_WHAT YOU WILL DO:_
Reproduce the data below in full and exclude every picture.

_SUPPLIED MATERIAL:_

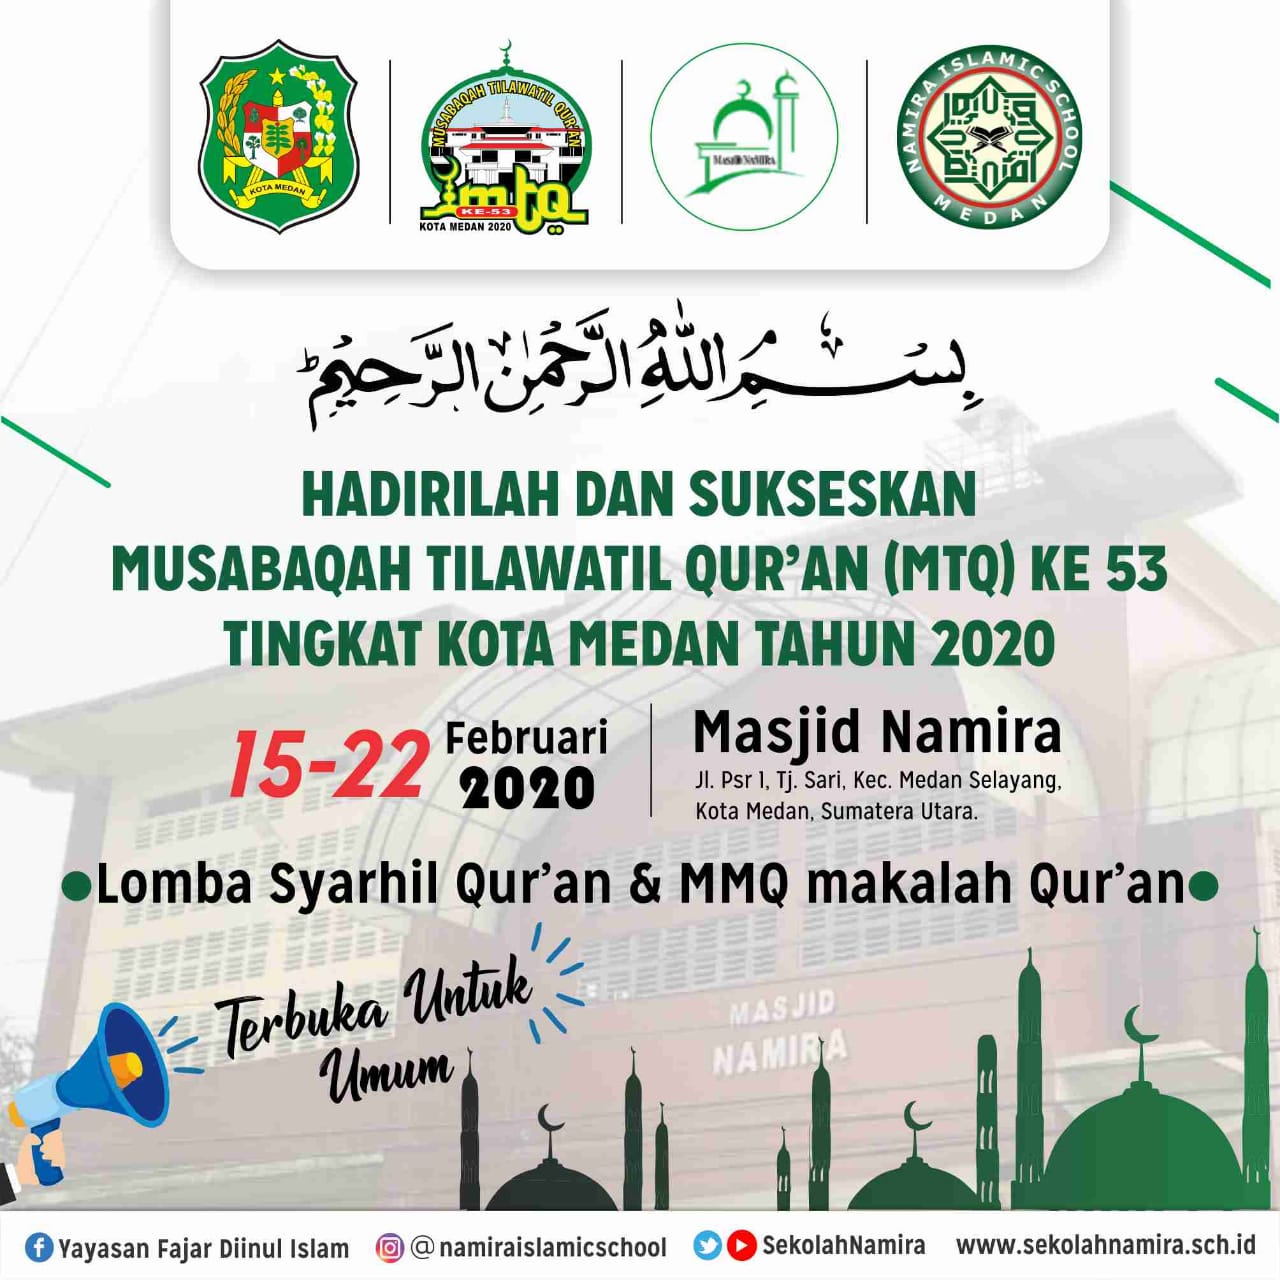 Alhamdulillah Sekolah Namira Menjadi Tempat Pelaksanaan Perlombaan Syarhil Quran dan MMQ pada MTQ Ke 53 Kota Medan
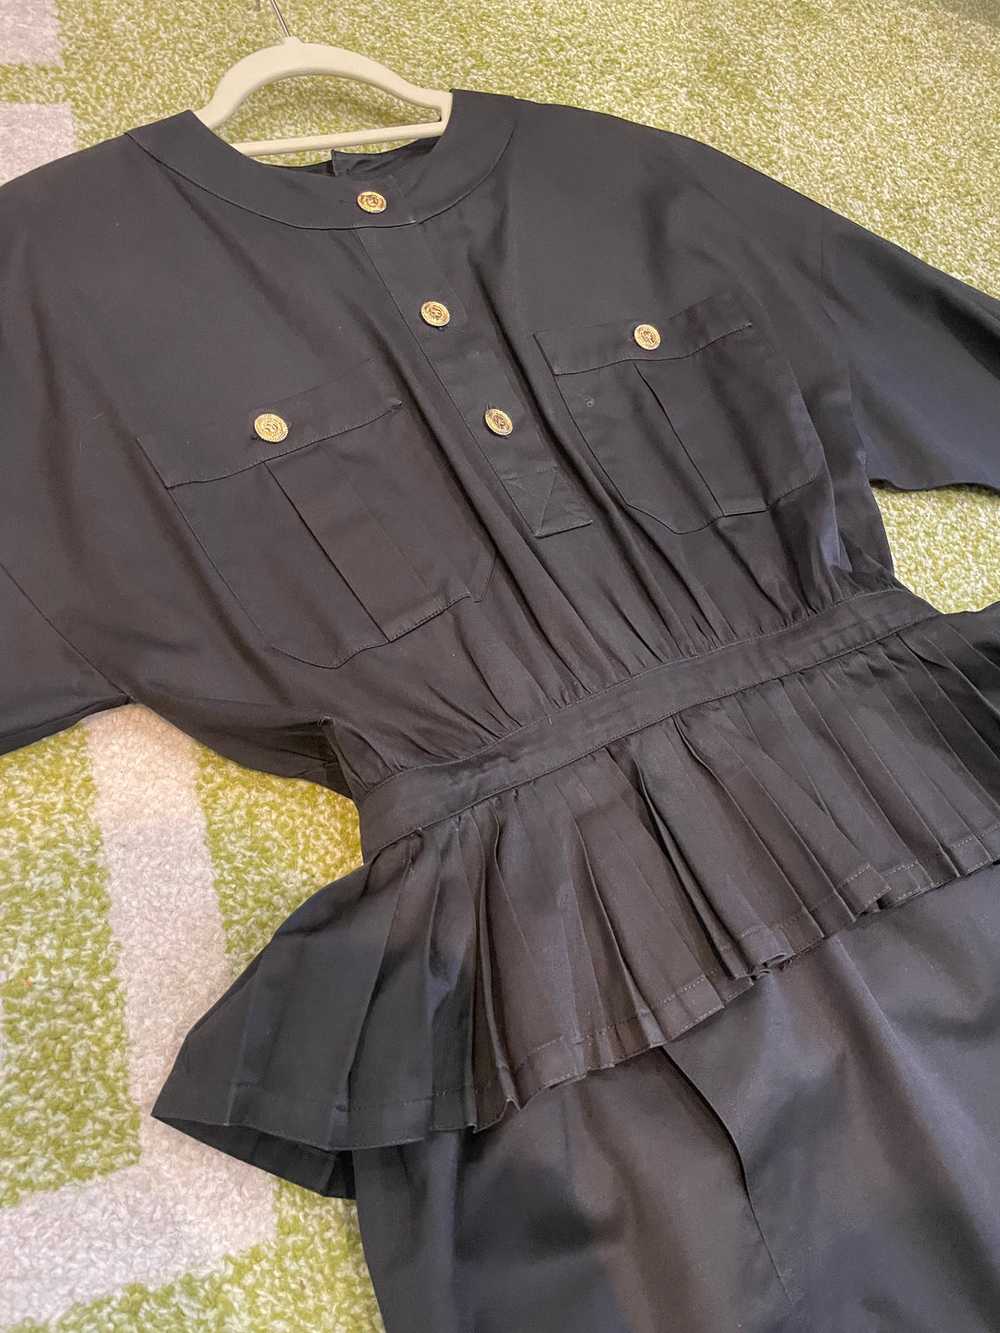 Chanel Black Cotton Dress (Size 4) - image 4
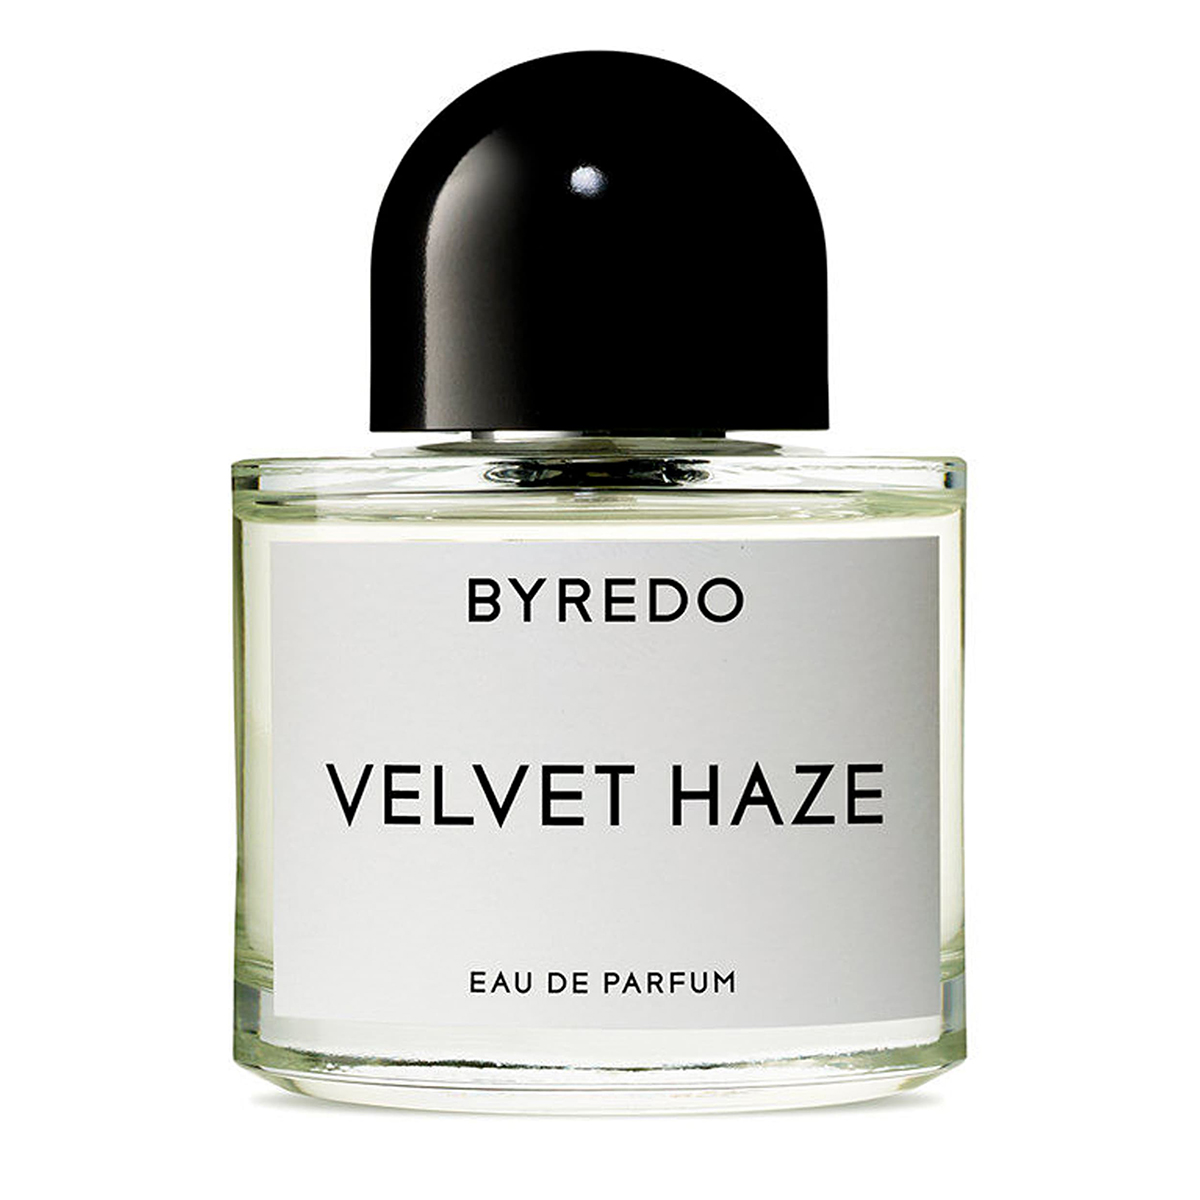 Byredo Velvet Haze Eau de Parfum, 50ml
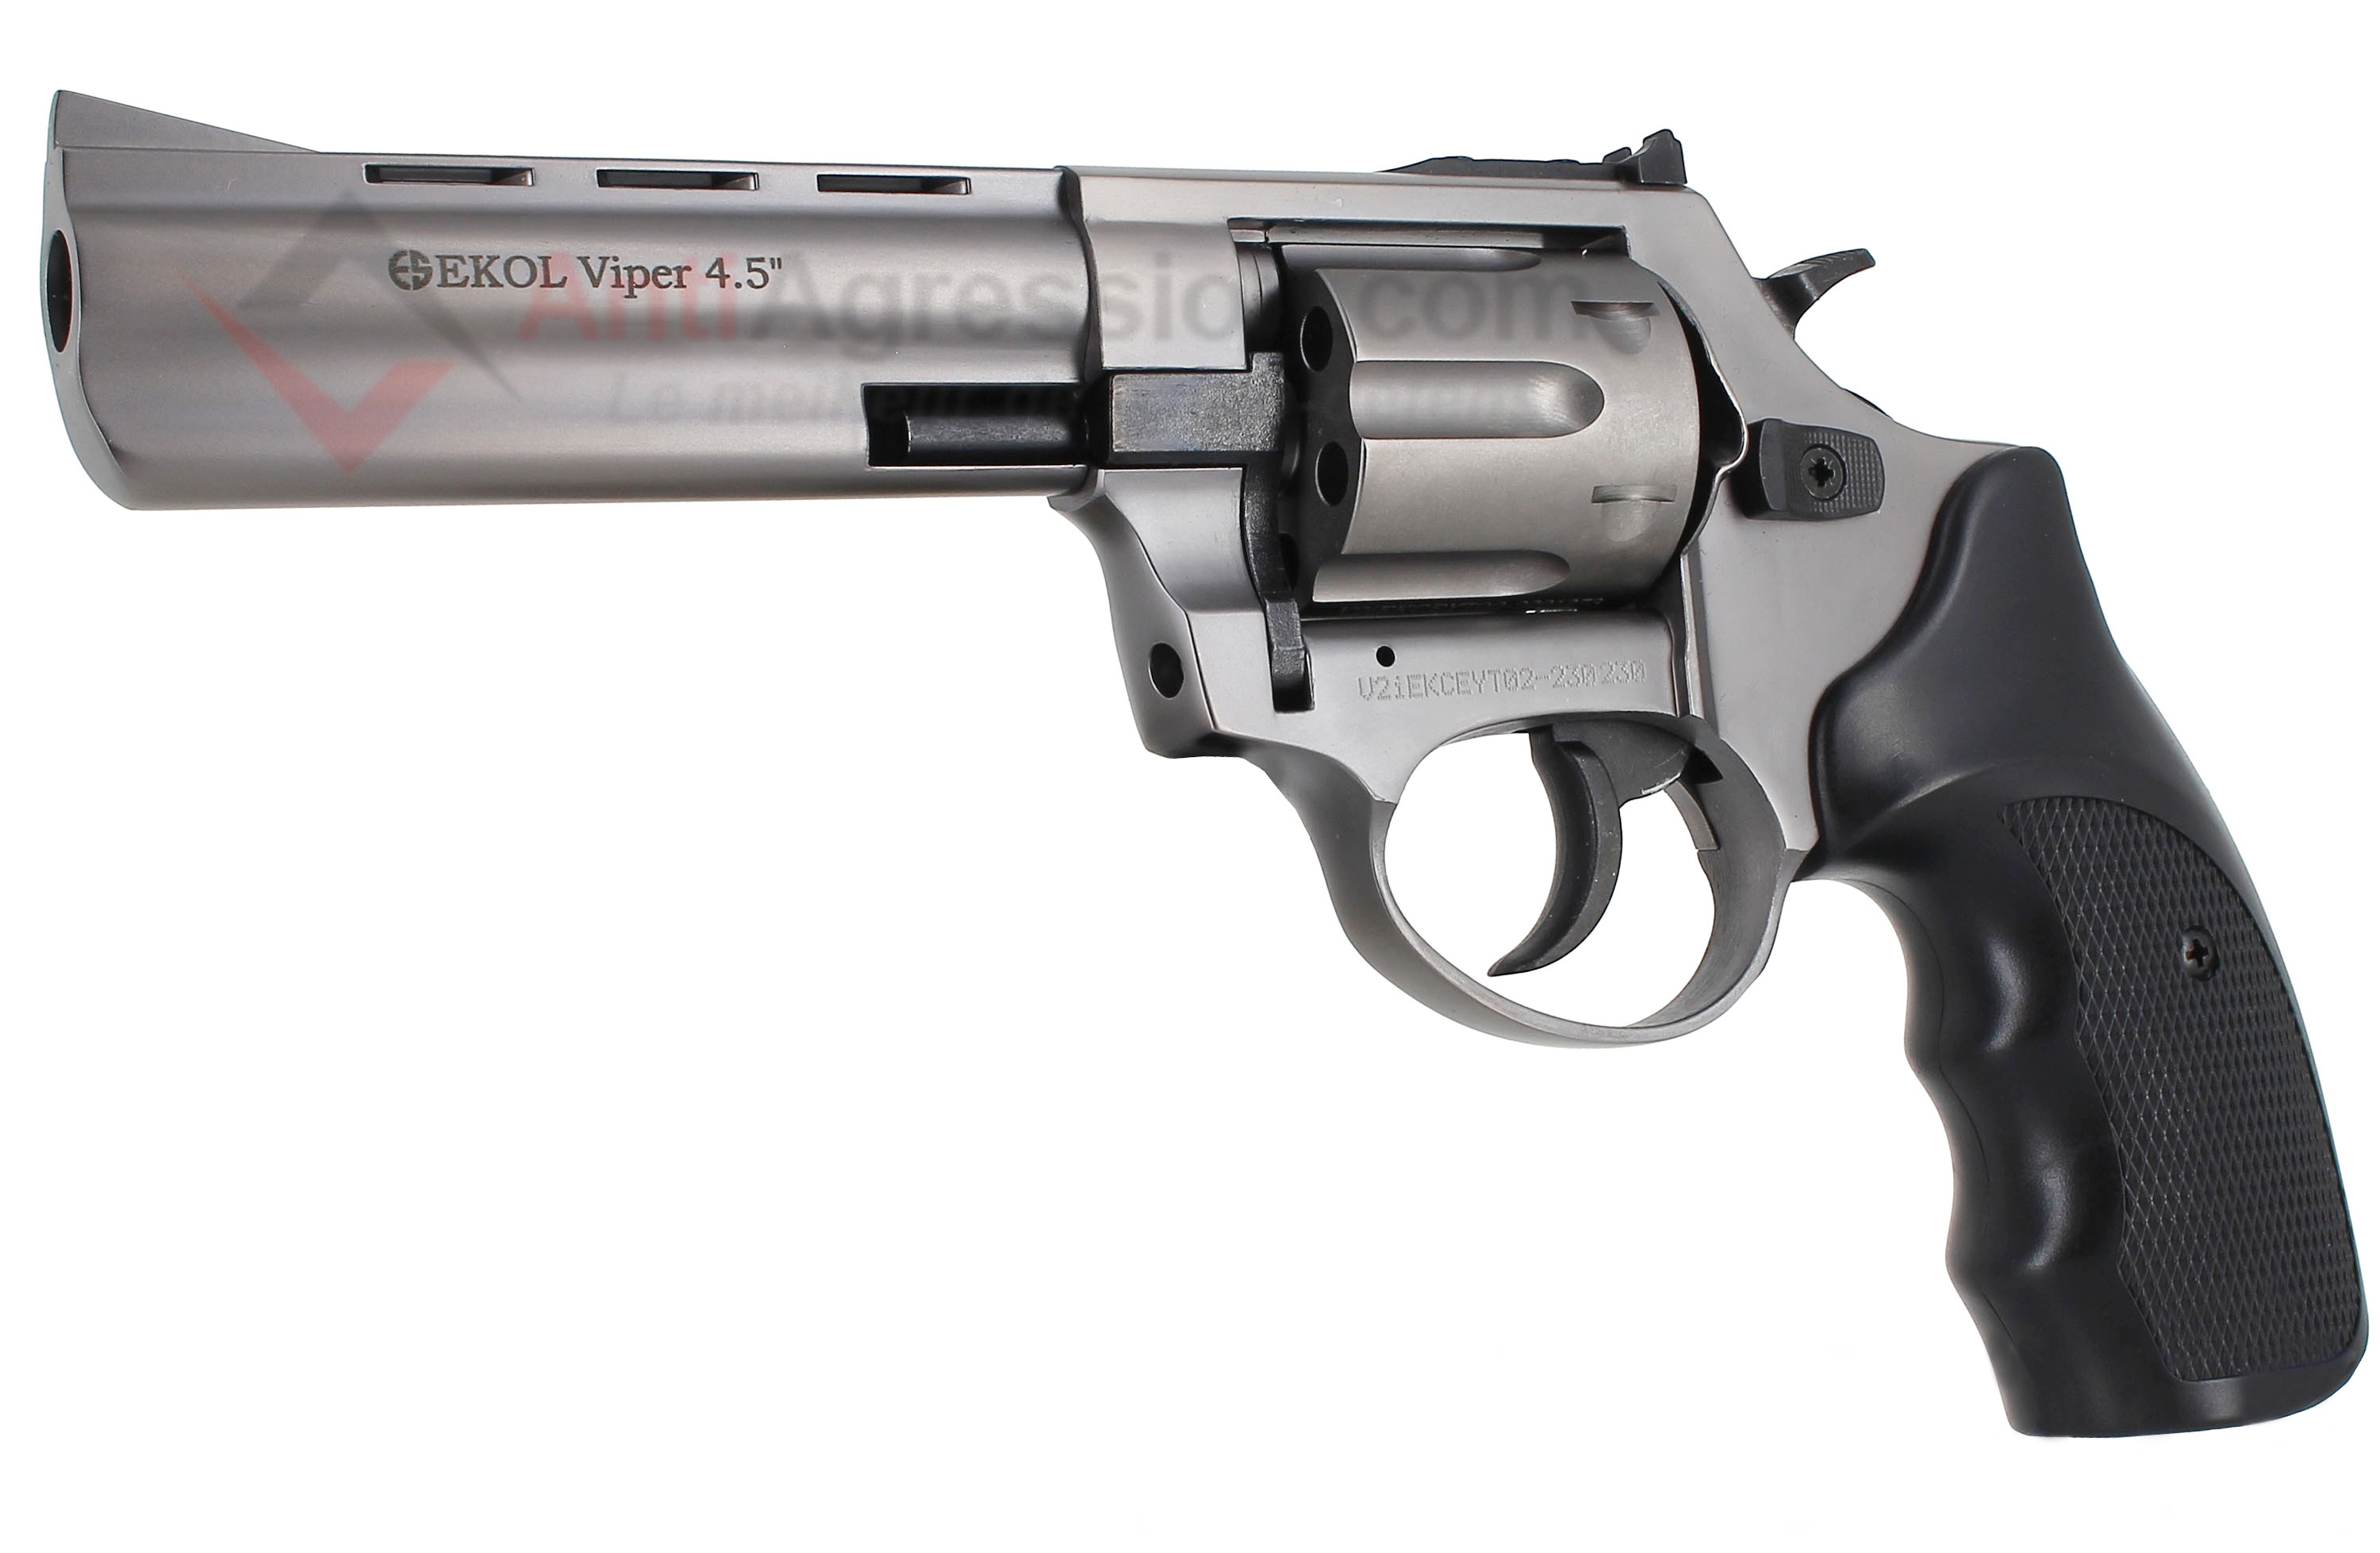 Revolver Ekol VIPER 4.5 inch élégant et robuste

_RESPONSE BOX:_
 Alhamdulillah Sekolah Namira Menjadi Tempat Pelaksanaan Perlombaan Syarhil Quran dan MMQ pada MTQ Ke 53 Kota Medan
 Chanel Black Cotton Dress (Size 4) - image 4
 Byredo Velvet Haze Eau de Parfum, 50ml
 Revolver Ekol VIPER 4.5 inch élégant et robuste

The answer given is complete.